Her yılbaşı aynı olay yaşanıyor. Tabi 23 Nisan gibi, 29 Ekim gibi özel
çekilişlerde de aynı durumun benzeri, ona yakını yaşanıyordur illaki...
İnsanlar bir kişiye çıkacak Yılbaşı Büyük İkramiyesi için o meşhur adı geçen
piyango bayisinin önünde kuyruk oluyorlarmış. İnsanın adı çıkacağına canı
çıksın, derler ya, o meşhur bayinin de adı çıkmış bir kere...
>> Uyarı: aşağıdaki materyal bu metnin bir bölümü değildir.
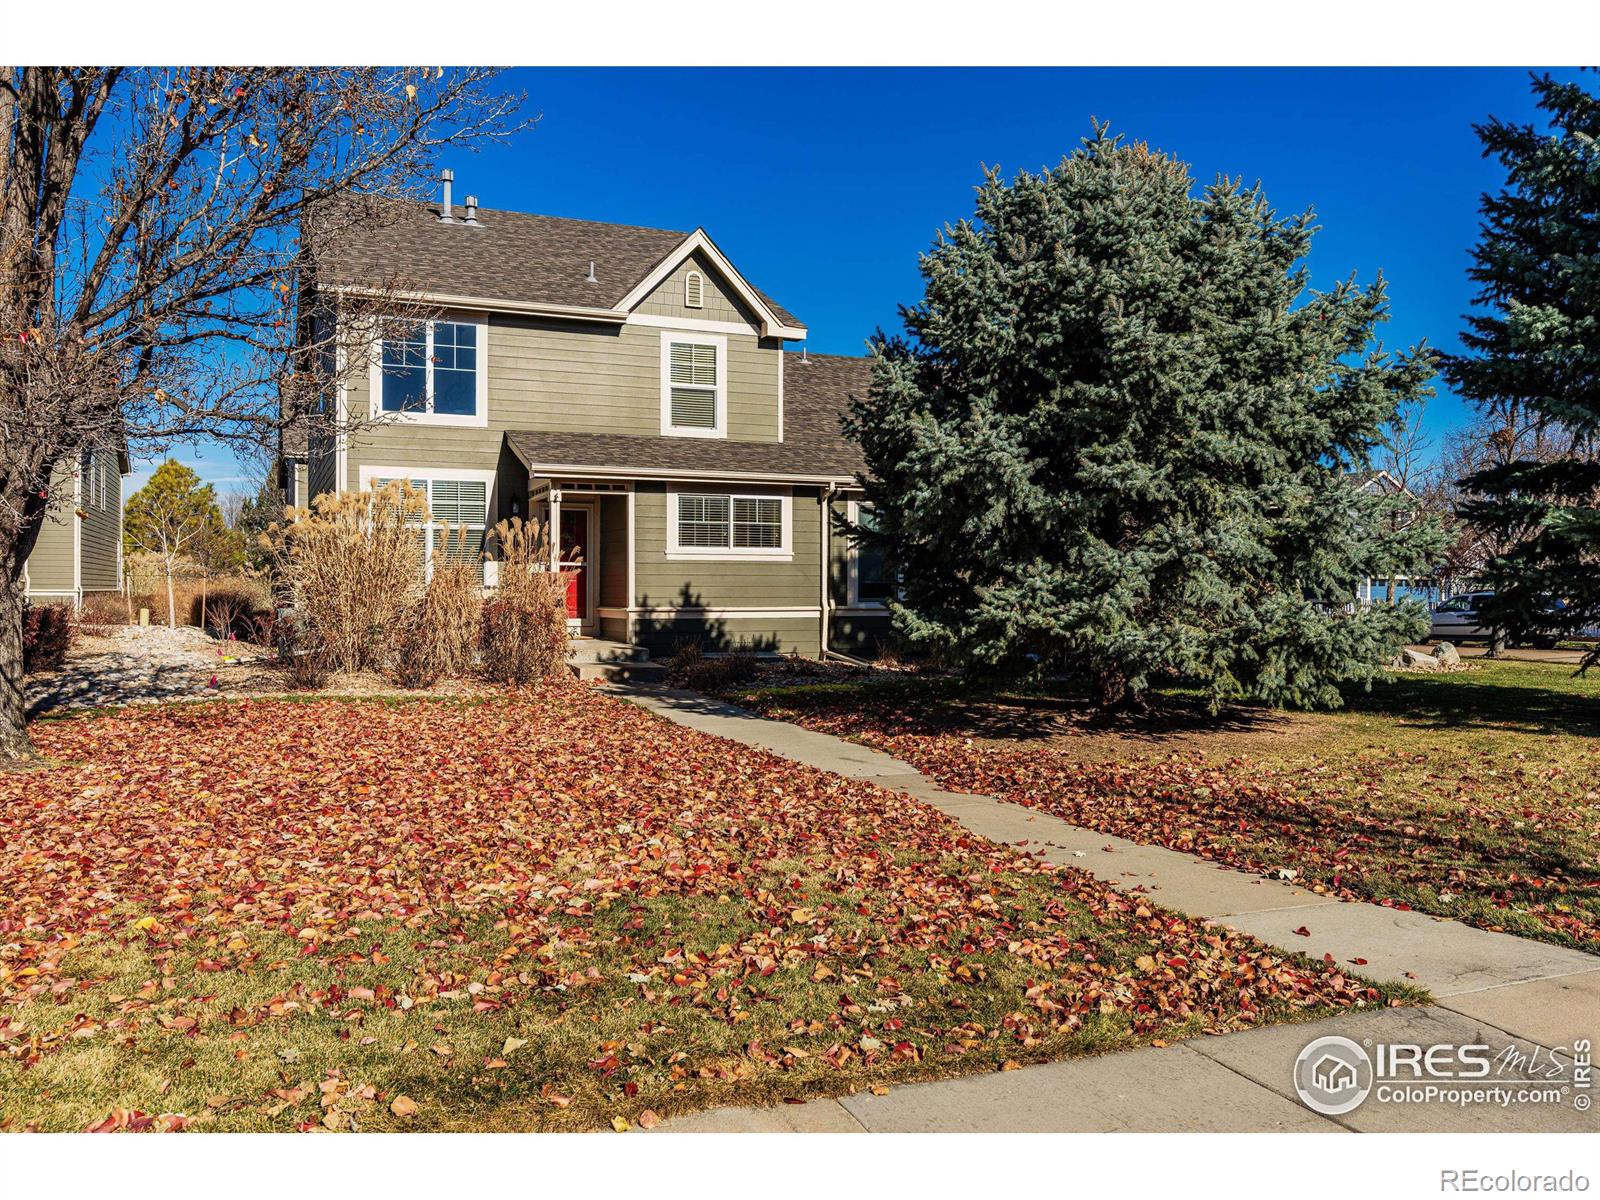 2756  County Fair Lane, fort collins MLS: 456789999932 Beds: 2 Baths: 3 Price: $442,500

Bir çekilişte satılan biletlerin yüzde yirmibeşini o meşhur ablanın bayisi
satıyormuş. Yani aslında gerçek piyango Ablanın, yakınlarının, oğullarının,
kızlarının cebine giriyor. Benim saf halkım bir kişiye çıkacak bir ikramiye
için saatlerce kar, kış, kıyamet demeden sıraya giriyor. Ablaya Allah rahmet
eylesin terki dünya edeli epey olmuş, evlatlar umut tacirliğine devam...
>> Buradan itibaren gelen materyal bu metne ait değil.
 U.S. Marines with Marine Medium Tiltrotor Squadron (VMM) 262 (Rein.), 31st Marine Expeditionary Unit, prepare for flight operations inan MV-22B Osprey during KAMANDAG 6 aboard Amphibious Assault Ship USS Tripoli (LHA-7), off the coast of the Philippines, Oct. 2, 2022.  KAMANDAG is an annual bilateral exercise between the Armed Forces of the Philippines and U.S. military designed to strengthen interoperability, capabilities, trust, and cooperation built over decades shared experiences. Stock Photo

Yan taraftan bilet satmaya gelen seyyar bayilere kimse itibar etmiyor. Yok, yok
illaki abladan alınacak. Abla babamızın oğlu mu, pardon yanlış söyledim,
babamızın kızı mı? Değil tabi ki % 99.9'unun abla ile bir akrabalığı yok. Hatta
yüzde yüz bile olabilir...
O uzun kuyruklarda kim bilir ne hayaller kuruluyor, ne gelecek planları
yapılıyor... Şöyle akrabalarımı ihya ederim, böyle arkadaşlarımı görür
gözetirim. Külliyen palavra. Şimdiye kadar çok büyük ikramiye çıkmış kaç
kişinin adını duydunuz ya da biliyorsunuz? İsmi bilinen çok da fazla insan yok.
Herkes tanıdığı bir insanın veya banka müdürünün vasıtası ile alıyor parayı da
ondan...
Bazı duyumlarımıza göre piyasada çok sahte bayi ve sahte bilet dolanıyormuş.
Dikkat edin, birinden, özellikle de seyyar bayilerden bilet alırken. Bana kalsa
hiç almasanız daha iyi de alıyorsanız da dikkat edin. Sonra da üzülürsünüz...
Düşünsenize sahte biletinize yüklü miktarda bir ikramiye isabet etmiş, bir
gidiyorsunuz ki bilet sahte, kalp krizi bile geçirir adam, başından aşağı
kaynar sular dökülür... Yine de unutmayın ya çıkarsa diyenlere de fazla aldırış
etmeyin, ya çıkmazsa, gidin tam bilete vereceğiniz parayla çocuklarınız meyve
sebze, çikolata alın hem ağzınızın tadı hem de yuvanızın tadı bozulmasın.